R v Ngwenya (87 of 2009) [2009] SZHC 110 (25 March 2009)


IN THE HIGH COURT OF SWAZILAND HELD AT MBABANE


REVIEW CASE NO.87 OF 2009 District Record No. MP 31 of 2009

In the matter between:

THE KING

VERSUS

SIBUSISO MACOCOMA NGWENYA


Date of consideration: 24 March, 2009 Date of order: 25 March, 2009



JUDGMENT ON REVIEW


MASUKU J.

[1] The accused was arraigned before the Manzini Magistrates Court charged with two counts of assault with intent to cause grievous bodily harm and contempt of Court. He pleaded guilty to both counts and was upon his said guilty pleas convicted and sentenced to a fine of

E900.00 and in default to 9 months' imprisonment on the first count. On the second count, he was sentenced to a fine of E500.00 and in default, to imprisonment for a period of 5 months' imprisonment. Both sentences were ordered to run consecutively.



[2] No evidence was led by the prosecution in proof of the charges, including evidence, proving commission of the offences in question, an issue I have had occasion to comment adversely about previously. I maintain my views in that regard.



[3] What does, however raise spasms of disquiet for present purposes, is the conviction of the accused person on the second count on the basis of his own guilty plea. The charge sheet alleged that on 16 October, 2008, the accused, despite being duly served or ordered to do so, failed to appear before Court, thereby wrongfully, unlawfully and intentionally violating the dignity, repute or authority of the Court. (Emphasis added).

[4] I must, in the premises, state that the charge was embarrassing inasmuch as it alleged alternatives within the same charge. I say so because it was not clear whether it was alleged that the accused was served with an order to appear or was ordered in facie curiae to attend but did not. In my view, the charge sheet should have been specific as to which of the two it was. It was not open to the Crown to put two possible scenarios to the accused person and ask of him to enter a plea thereto.



[5] In this regard, I am of the view that the charge sheet was defective and would clearly have embarrassed the accused person as it would not be clear to a reasonable person as to which of the two variables was being alleged against him. For that reason, I am of the view that the conviction ought to be set aside.

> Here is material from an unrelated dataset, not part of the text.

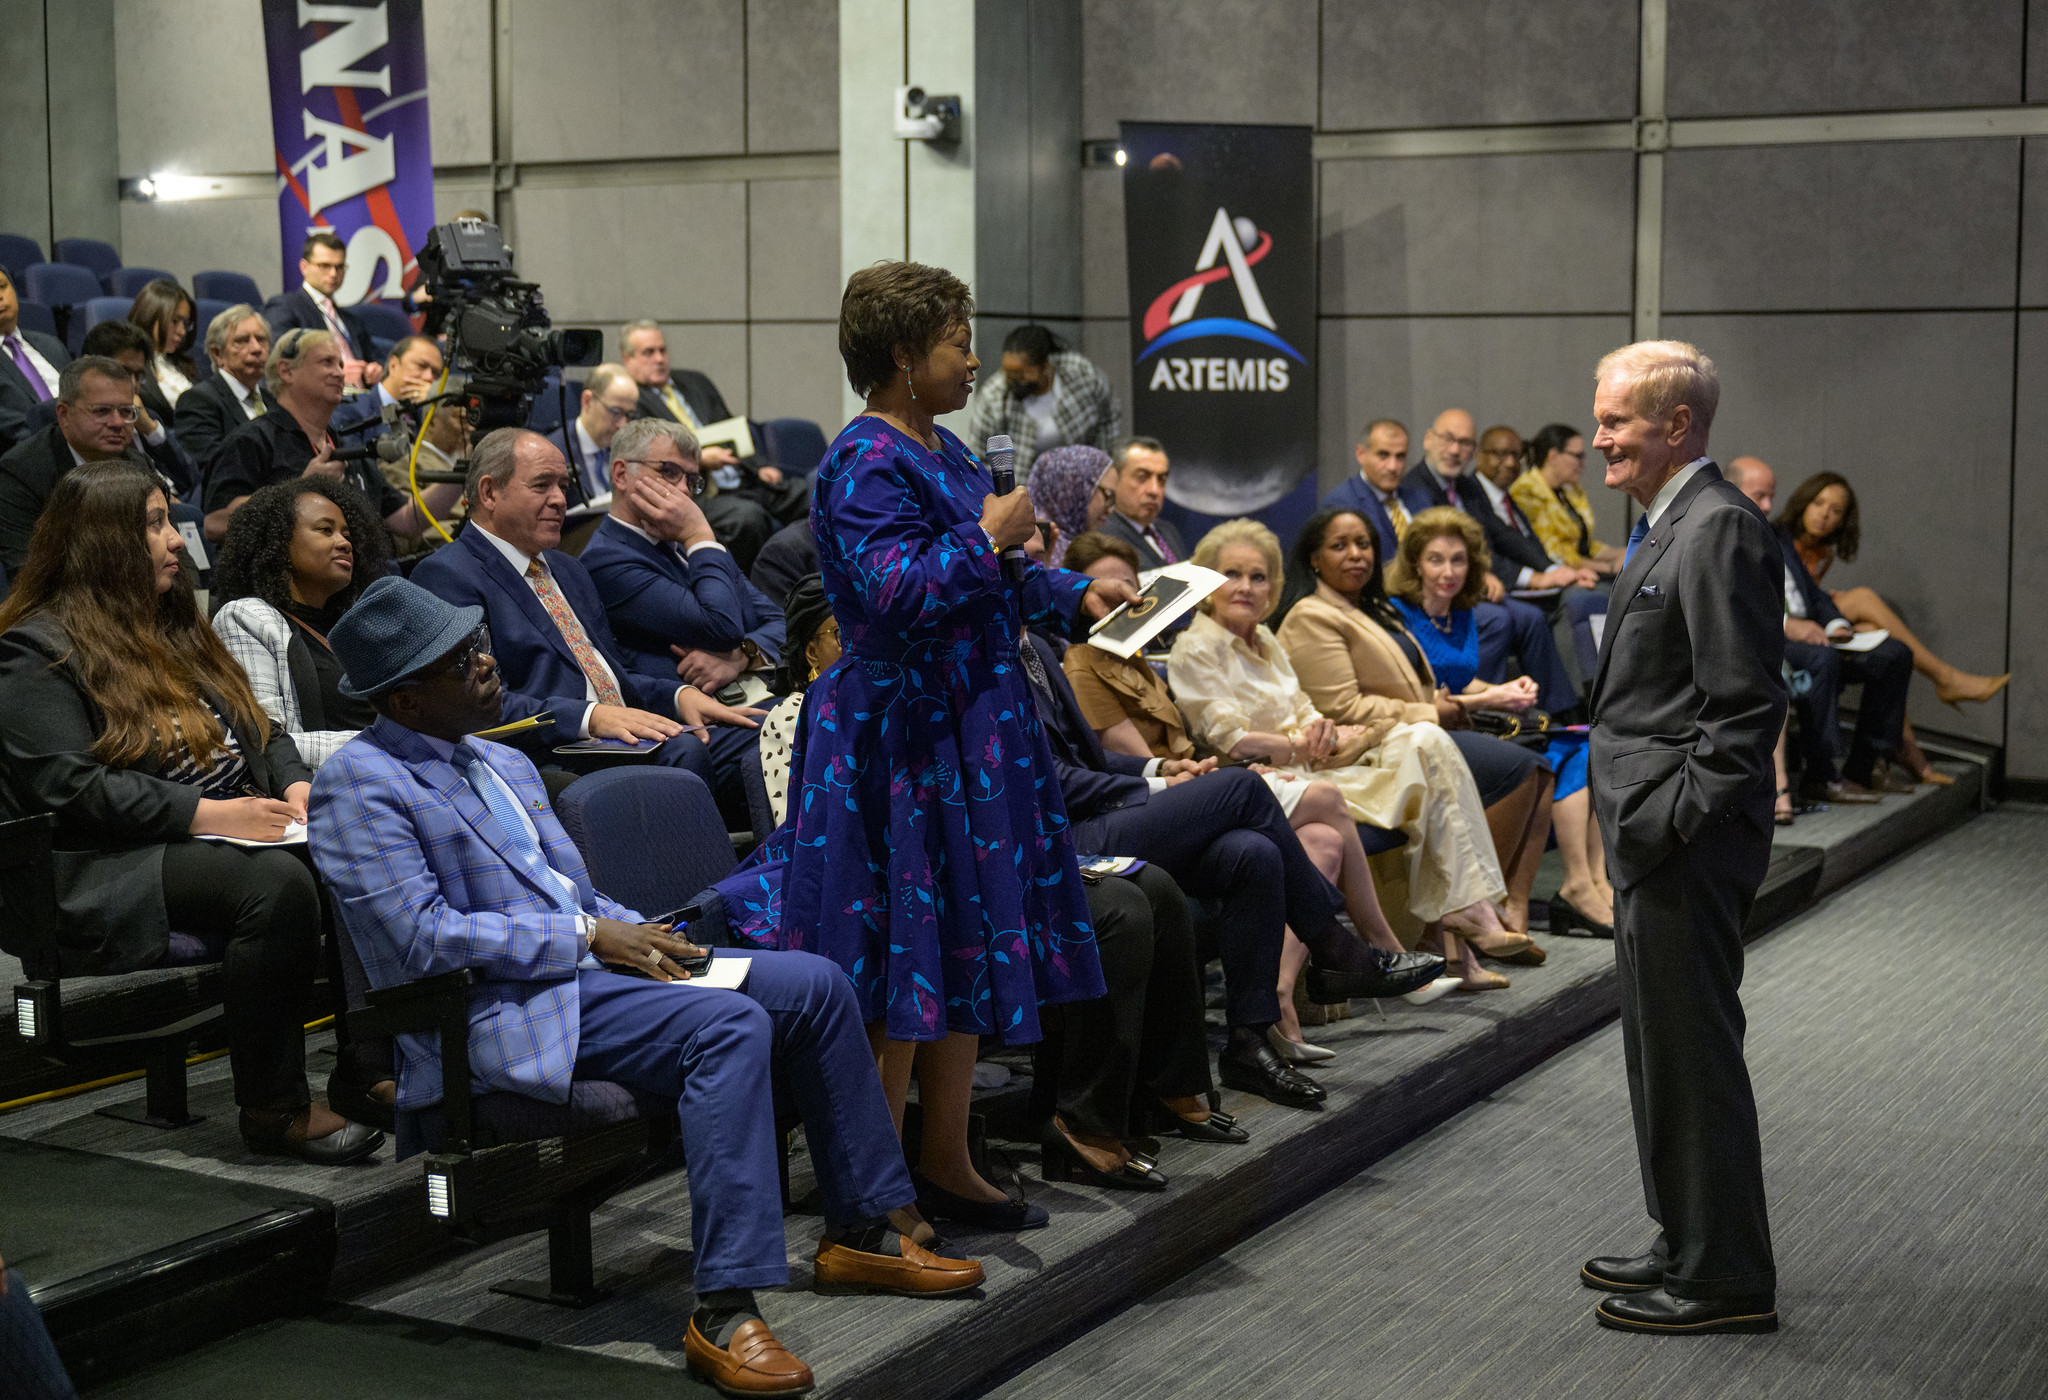 In an auditorium at NASA Headquarters, NASA Administrator Bill Nelson, standing, listens to a woman who is standing and speaking into a microphone to ask a question during a U.S. Department of State Open House. Attendees of the event fill the four rows of seats visible in the image, and a banner with NASA Artemis Program logo is seen in the background.

[6] Furthermore, it is clear from what the accused said to the Magistrate after conviction that his absence from Court was neither intentional nor unlawful. There is an explanation he gave, which if properly investigated may have cast a reasonable doubt in the mind of the Court. The accused stated that he came to Court on the date in question but went to the wrong courtroom. This was not investigated. He also stated that one "Shoes", probably an employee of the Court, released him to go home. These revelations should have put the Court on a qui vive regarding the propriety of a conviction, particularly in the absence of an investigation of the accused's allegations.



[7] On a further perusal of the record of proceedings, it is also clear that the accused person was not even afforded an opportunity to make submissions or to lead evidence in mitigation of sentence. The fact that an accused person pleads guilty does not deprive him or the Court of information from the prosecution as to whether or not he is a first offender, and secondly, an opportunity to


mitigate sentence. It would appear that in both respects the Court erred and the Court returned the verdicts it did devoid of the necessary facts and information to enable it to do so.



The anomaly, in particular, calls into serious question the propriety of ordering the sentences to run consecutively. Without being afforded an opportunity to mitigate the sentence, I am of the view that the Court would not have been properly placed to mete out a condign sentence and would, in the circumstance, be ill-placed to order the sentences to run consecutively as it did. In the premises, I am of the view that the conviction on the second count should fall away. Similarly, the sentence thereon is set aside. In relation to the first, the accused's sentence be and is hereby set aside and the Court a quo is ordered to conduct a proper enquiry into the stage of mitigation before meting what will become an appropriate sentence in the circumstances.

DONE AND SIGNED IN CHAMBERS IN MBABANE ON 25 MARCH, 2009.